■ Work instructions
When you transcribe the listing that follows, keep every line exact and skip any picture.
Data below: Begin
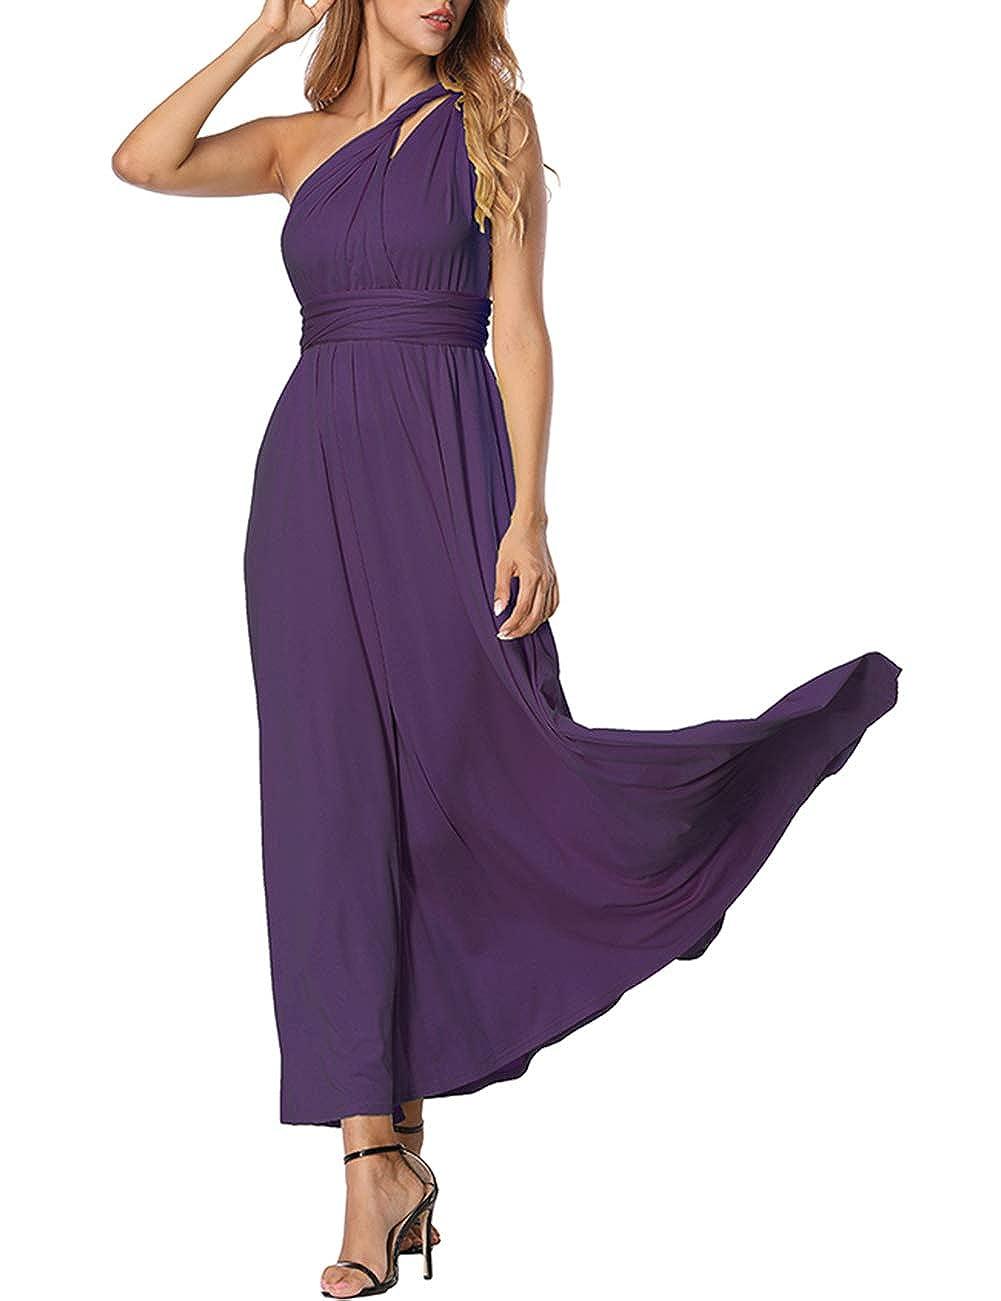 TALLA M(ES 40-44). FeelinGirl Mujer Vestido de Noche Longitud Máxima Falda Fiesta Cóctel Tirantes Convertibles Multi-Manera Púrpura Oscuro M(ES 40-44)
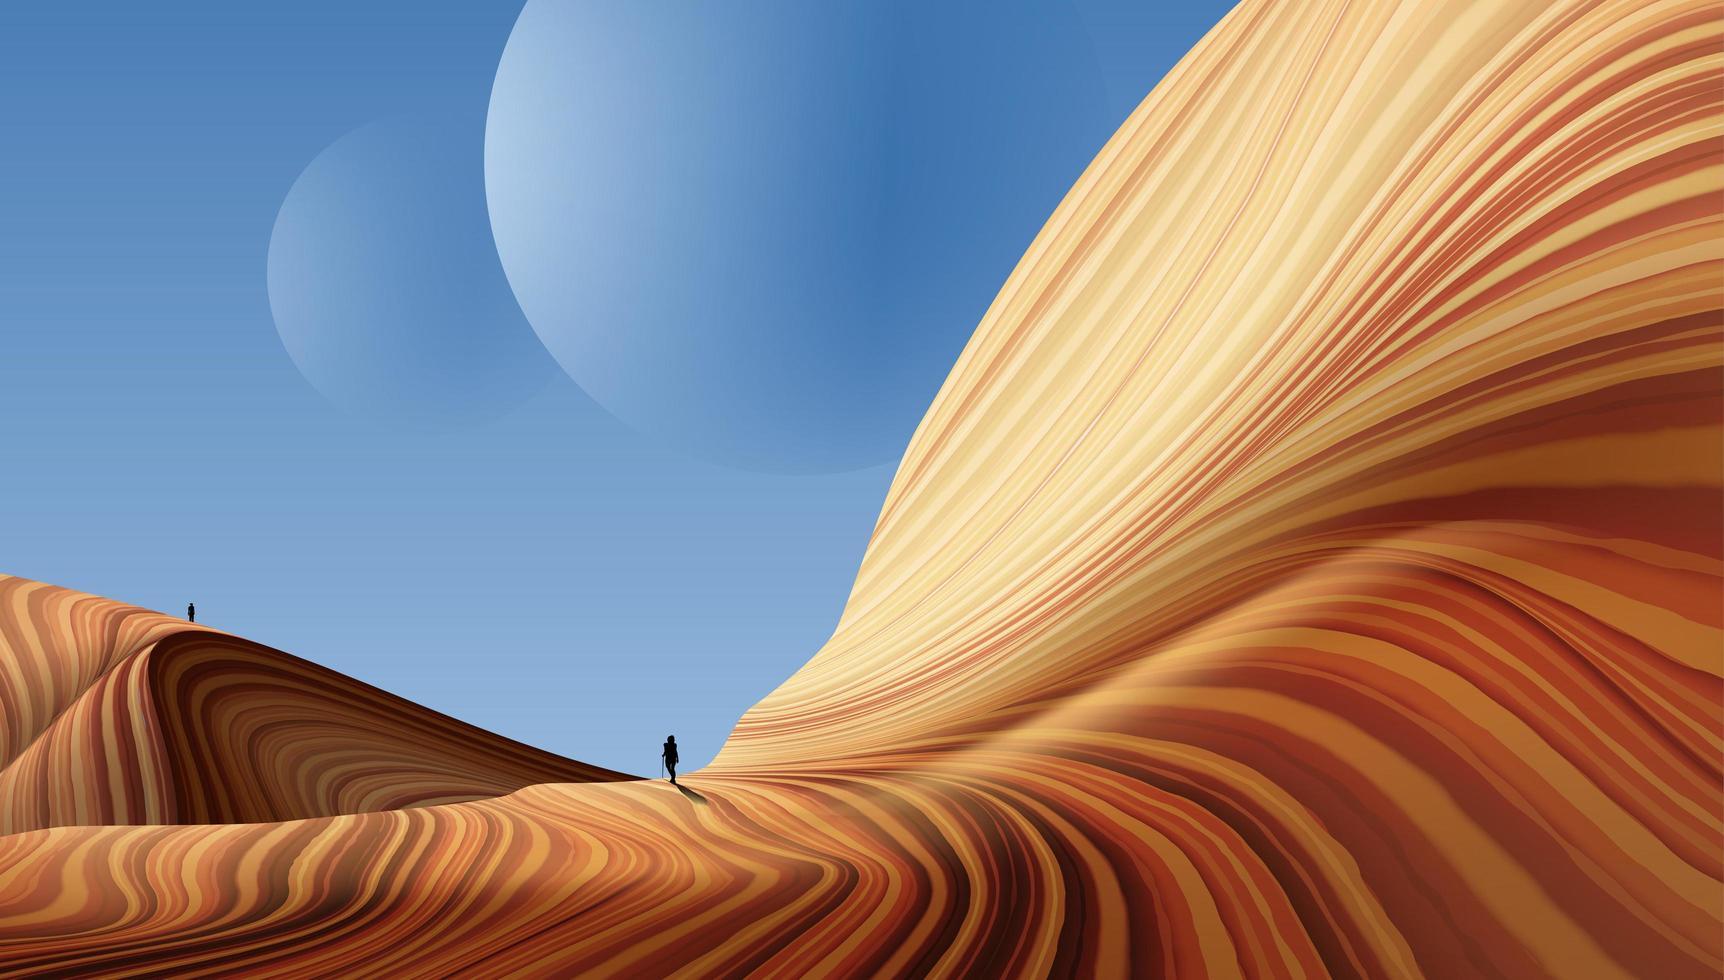 Antelope Canyon Landscape vector
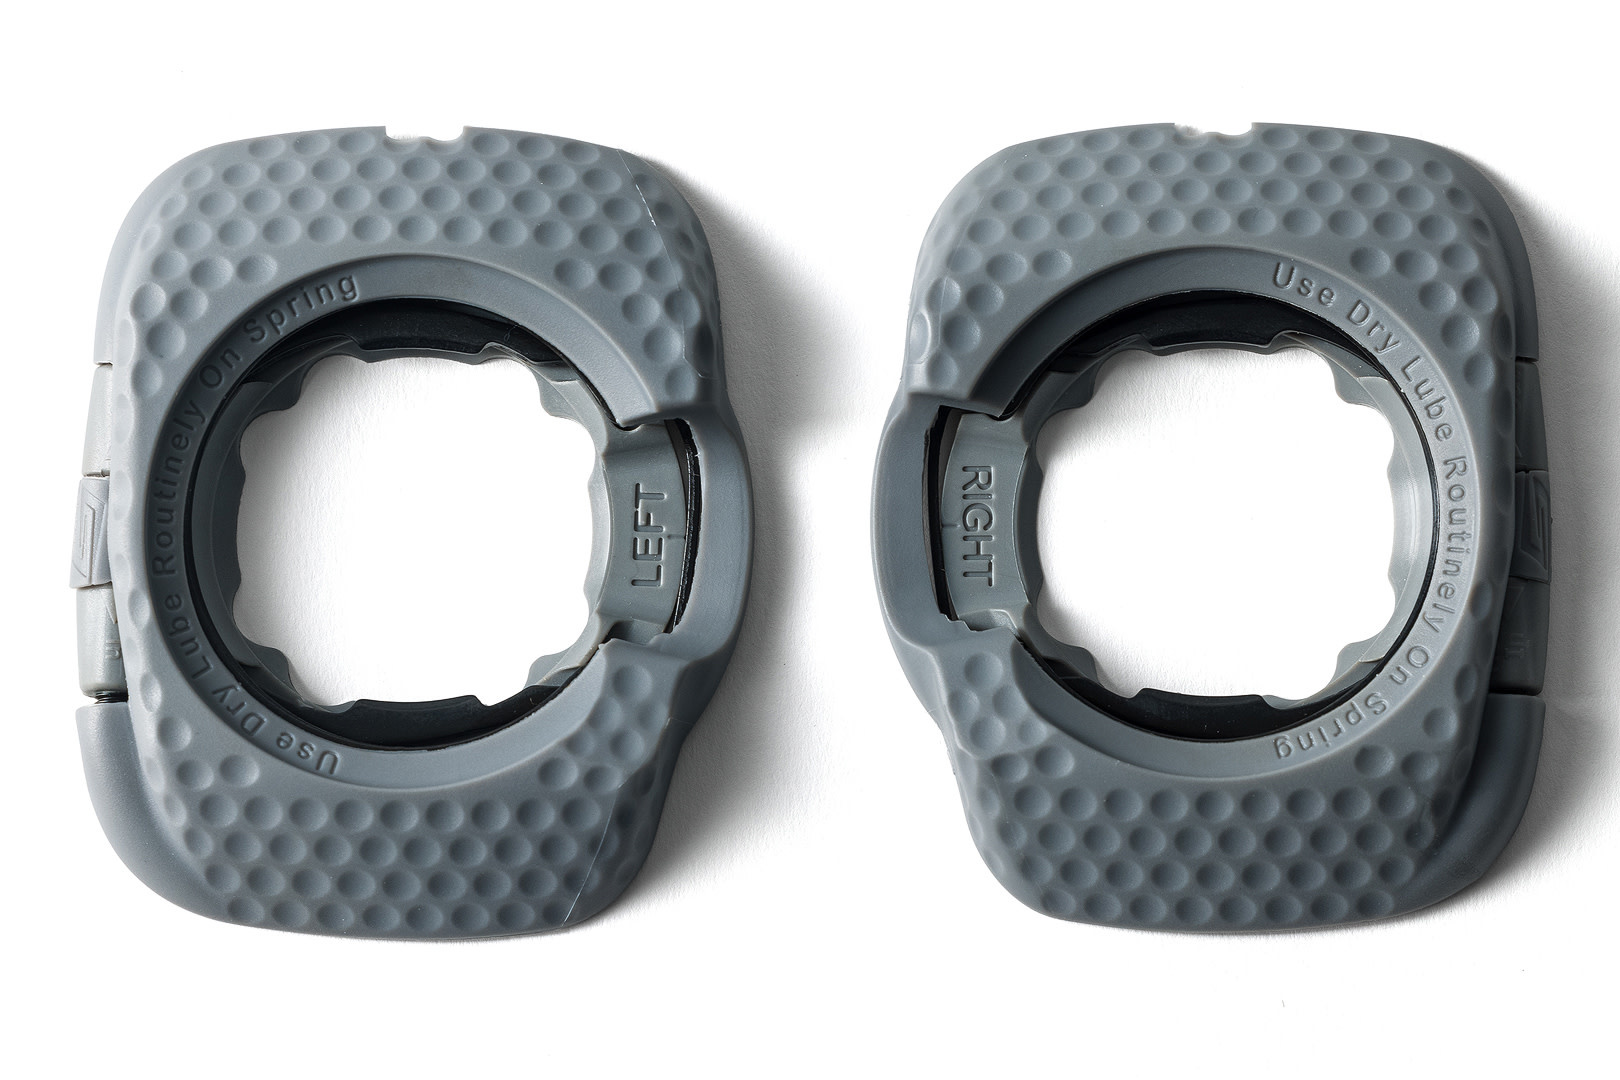 Wahoo Fitness Speedplay (Wahoo) COMP Pedal
Data below: End
■ Solution to the exercise
 TALLA M(ES 40-44). FeelinGirl Mujer Vestido de Noche Longitud Máxima Falda Fiesta Cóctel Tirantes Convertibles Multi-Manera Púrpura Oscuro M(ES 40-44)
 Antelope Canyon Landscape vector
 Wahoo Fitness Speedplay (Wahoo) COMP Pedal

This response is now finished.